Unfortunately, my professions have pathologized normal body sensations and for a subset of us this can really create suffering. It’s like hearing something drip at night. You want to go to sleep but you just start worrying and thinking about the dripping sound. It’s just water dripping. Its going down the drain. Its nothing. But if you keep thinking about then that is all you hear and you can not sleep. Related, it’s like trying to sleep. The more you try to sleep and the more you think about your need to sleep the harder it is to sleep.

Or you might have been told your IT Band tight and needs to be released or stretched. Or some tendon is tight or your TFL is tight and is tugging on your ITB and causing you knee pain. These things don’t really exist and aren’t problems. But if you start to poke your IT Band it might feel tender and it might feel stiff. But it should feel that way. You can’t stretch out connective tissue. That’s not how we work (See this decade old blog that goes through that). Again, the problem here is that we are taking a normal sensation and turning it into a problem. Don’t do that.

So what is the solution here?  Is it OK to stretch, mobilize, foam roll and get a massage?  If you have tried these approaches and they are successful for you then great.  Keep doing them.  But, if you’ve tried them and you are still suffering or if you need to foam roll 20 minutes before and after you do anything then maybe its time to wean off that self care.  Re-evaluate what that stiffness really means?  Is it really a problem that is causing you suffering?  Did someone just tell you it was a problem and now you spend half your life trying “release” something. Can you view the sensation of stiffness non-judgmentally and just say “hey, this movement feels stiff. Interesting. But that isn’t inherently problematic or pathological.  It is what it is and it’s not something that needs fixing”.

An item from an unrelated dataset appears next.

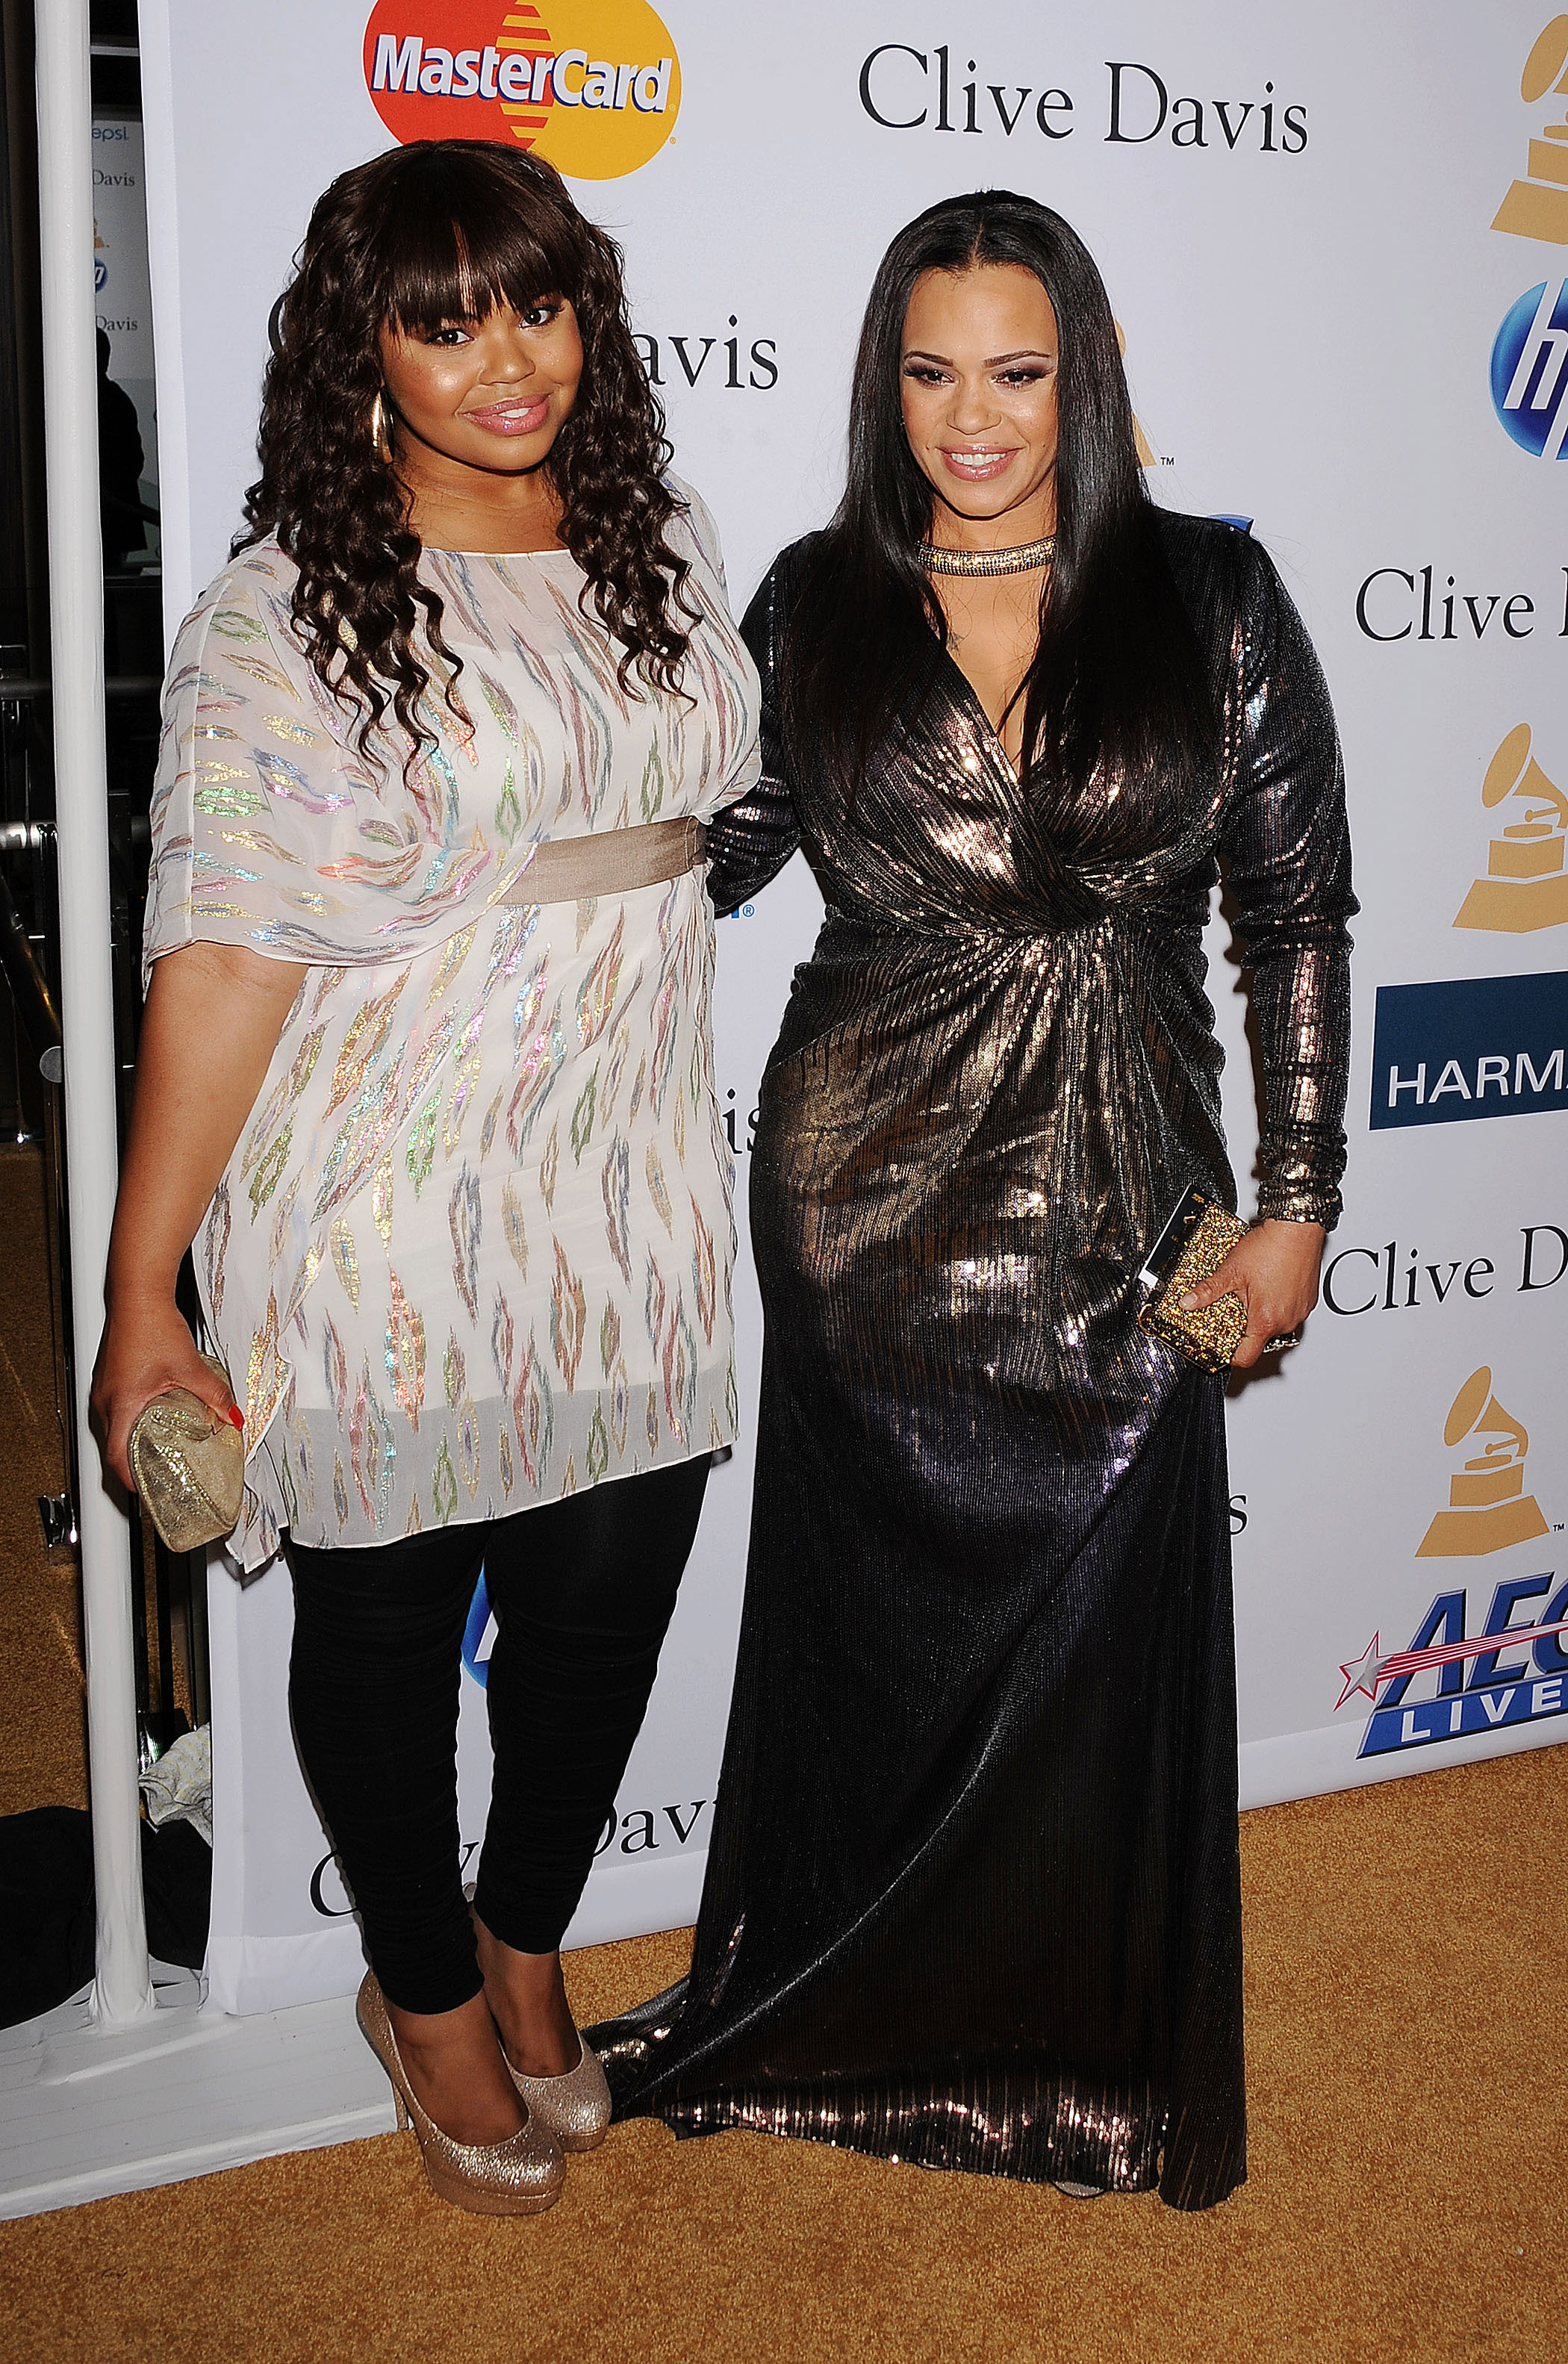 Chyna Tahjere Griffin and Faith Evans at the 2011 Pre-Grammy Gala on February 12, 2011, in Beverly Hills, California. | Source: Getty Images
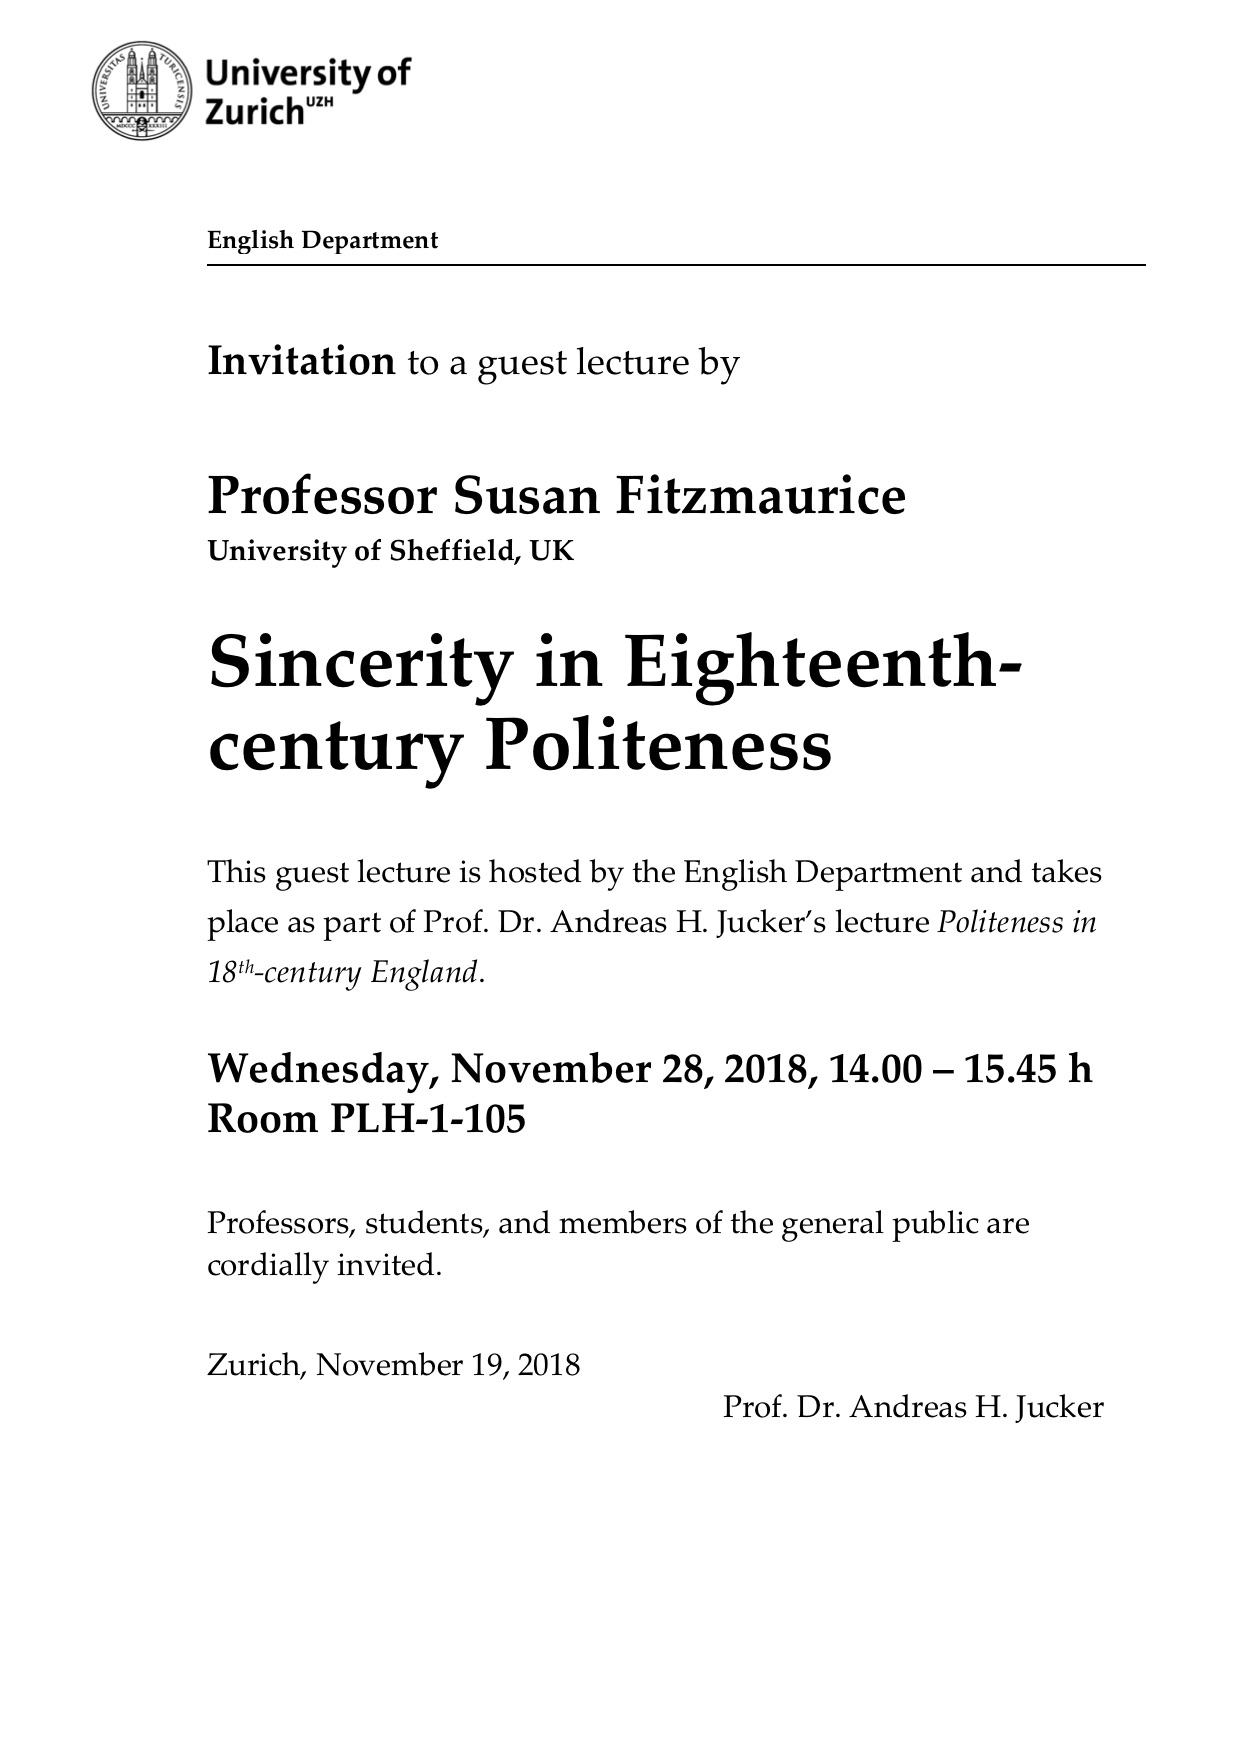 Flyer Guest Lecture Prof. Susan Fitzmaurice (University of Sheffeld, UK)

This isn’t always easy.  You are just accepting these sensations and trying not to amplify them.  And then the interesting thing is that sometimes when we do this they actually become less bothersome and we might not even notice them.  You give up on trying to “fix something” that actually doesn’t need fixing and then you get comfortable with yourself.

Part 2 of this series will look dispel the myths behind stiff joints causing altered postures and proposed negative mechanical loading.  Part 3 will look at when stiffness and mobility might be relevant for pain.